Кивнул согласно Иосафат.
Доволен Ахав. Что там виноградник Навуфея! Память о нем проросла быльем раскаяния, стоит ли оглядываться. Истинно царская потеха – идти войною. Укрепить себя в очах народа Изреелева, пополнить кладовые, поиметь  новых рабов и наложниц, чем же сие не царево дело? Чем же не царская выгода? Испокон веку так было, есть и будет. Неужто прозябать во вретище – занятие более достойное? Впрочем, все-таки жаль Навуфея, напрасная жертва – мелькает дума и исчезает из души вон, навсегда. Впереди много крови, и не пристало царю помнить о крови вчерашней, которая и так избередила душу, а все из-за глупца Илии, чарам коего он поддался. Но хватит! Желание царское не терпит отлагательств, ему не чинимы препоны. Я обуян сим желанием, и кто остановит меня? Неужто безумный Михей надеялся лопотанием своим преградить дорогу мне? Мне, Ахаву, царю Изрееля! Меня зовет выгода моя. Я иду войною против Рамофа Галаадского. А ты, Иосафат?
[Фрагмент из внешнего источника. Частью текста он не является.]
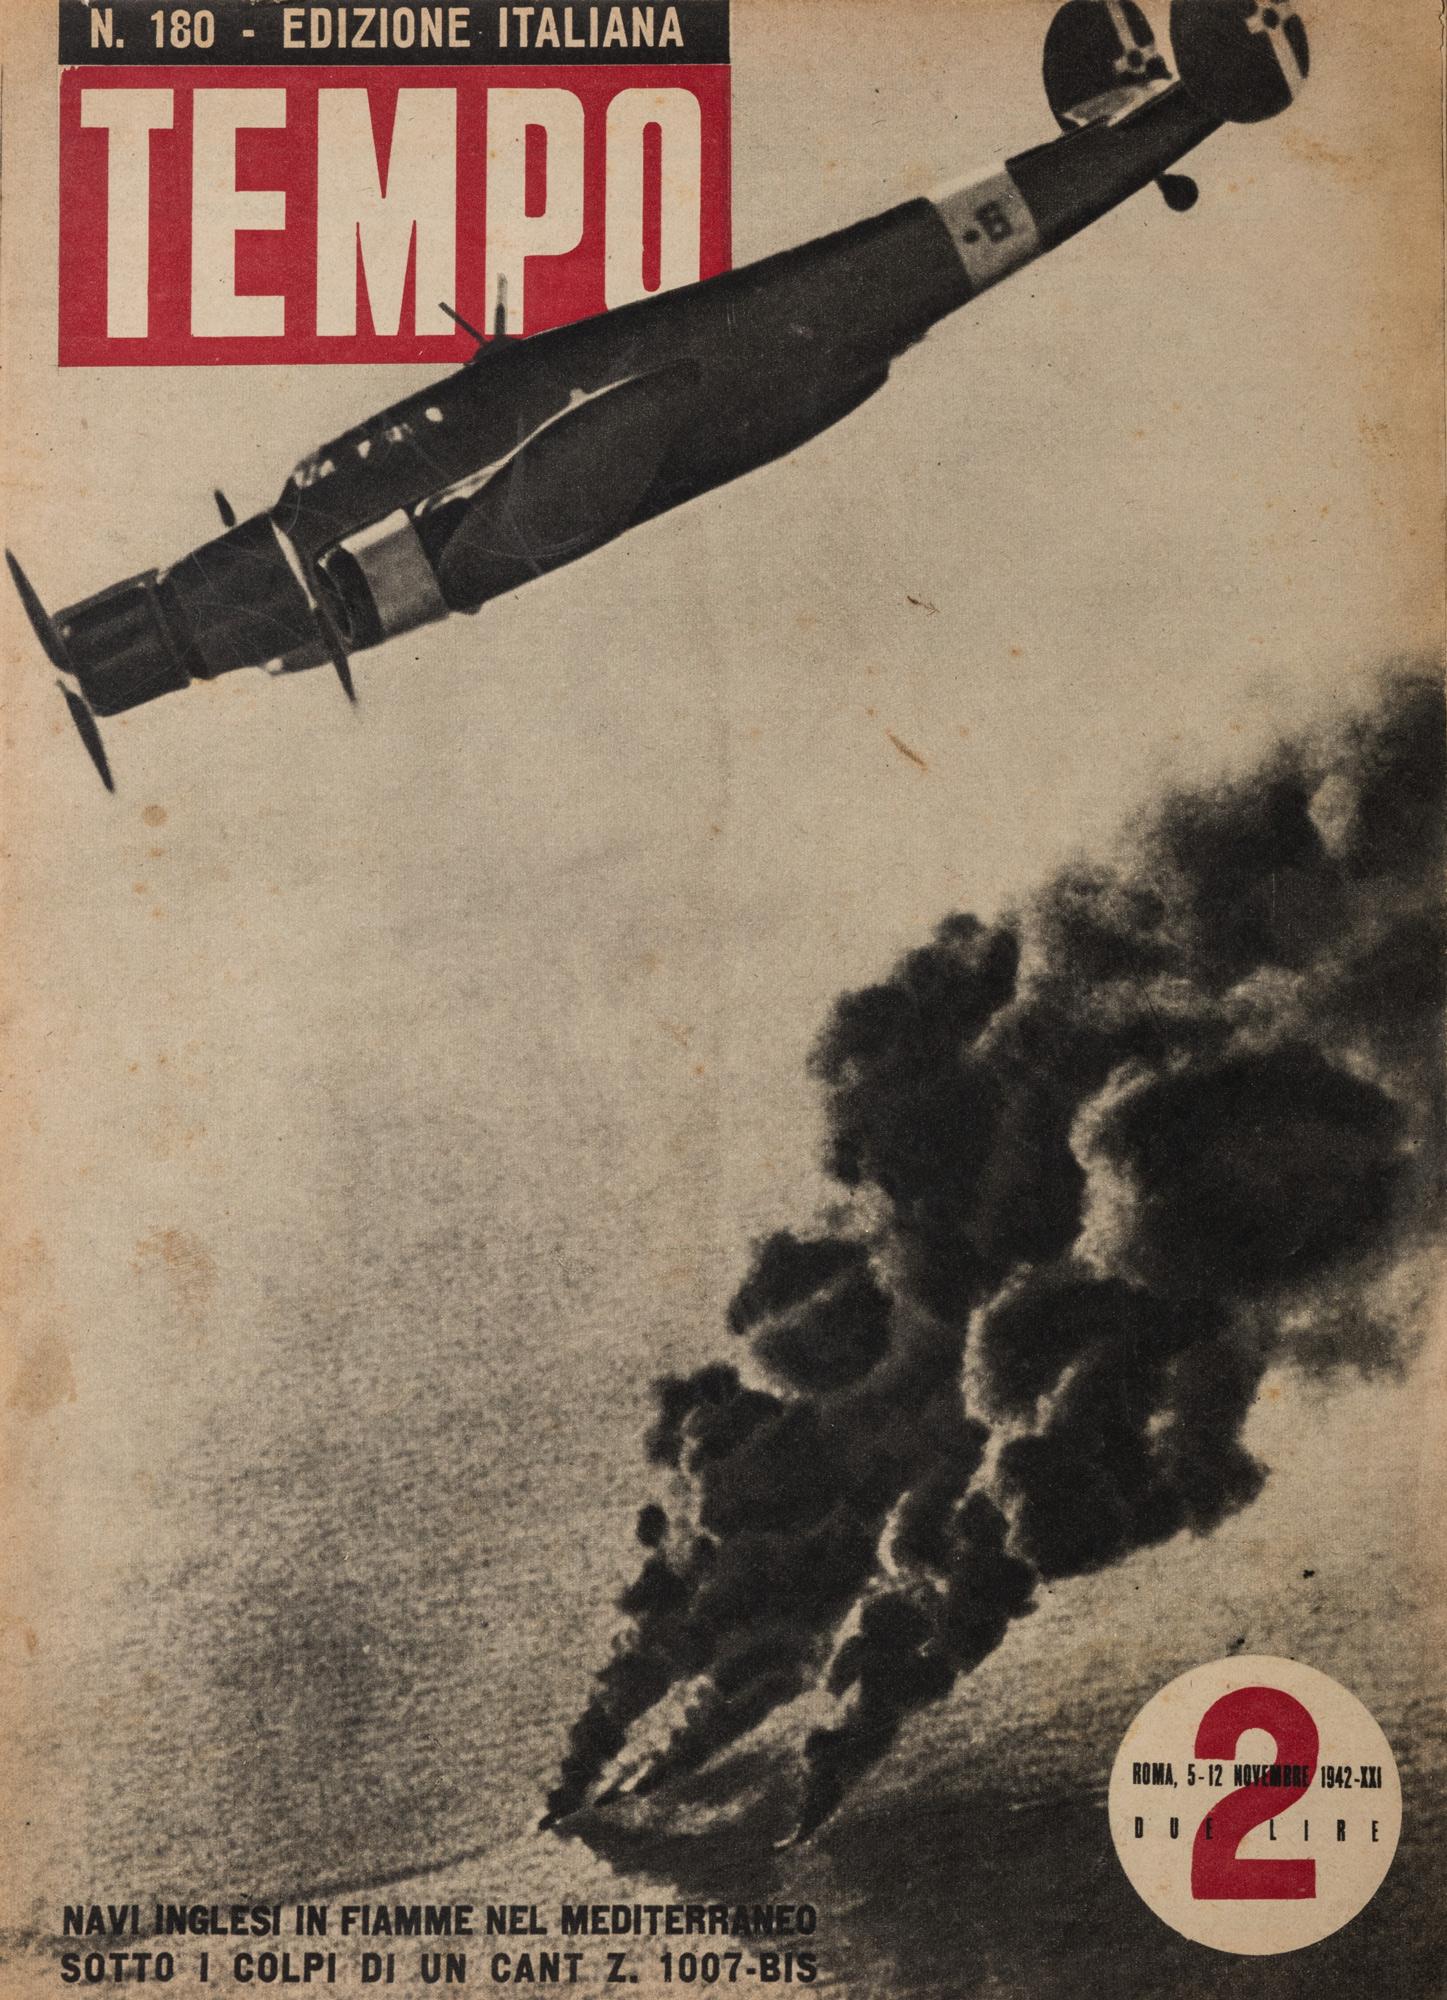 Il Tempo. Edizione italiana

- Да, Ахав, я иду с тобою, да сподобит Господь нас на успех замысла нашего, - Иосафат поднял руку. Быть  по сему.
… У высоты Мицфы, у древнего града Галаадского в колене Гадовом, где некогда Лаван примирился с племянником Иаковом, расположились лагерем воины царей Ахава и Иосафата. На другом конце предстоящего поля битвы готовились к сражению воины царя Сирийского, в чьем владении находился град.
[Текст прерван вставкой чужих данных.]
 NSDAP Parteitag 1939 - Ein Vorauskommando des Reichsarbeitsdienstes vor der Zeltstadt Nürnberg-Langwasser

Как-то мутно на душе Ахава. Ни с того ни с сего припомнились предсказания Илии и Михея. Разумеется, не верит он им, а вдруг что неладное произойдет.  И тогда восторжествуют оба несносных пророка, на всех углах станут вопить что предвидели такой исход. Все же война, она полна всяких неожиданностей, и на царей бывает охота, тем боле что Ахав отмечен царским одеянием.
И выступил потому Ахав на поле переодетым, не отличным от обычного воина ничем. Успокоенный этим ринулся в битву. Вокруг него дышали горячкою и спешкою, волнением и близостью крови и смерти сыны Изреелевы. И многим невдомек было, что рядом сам Ахав.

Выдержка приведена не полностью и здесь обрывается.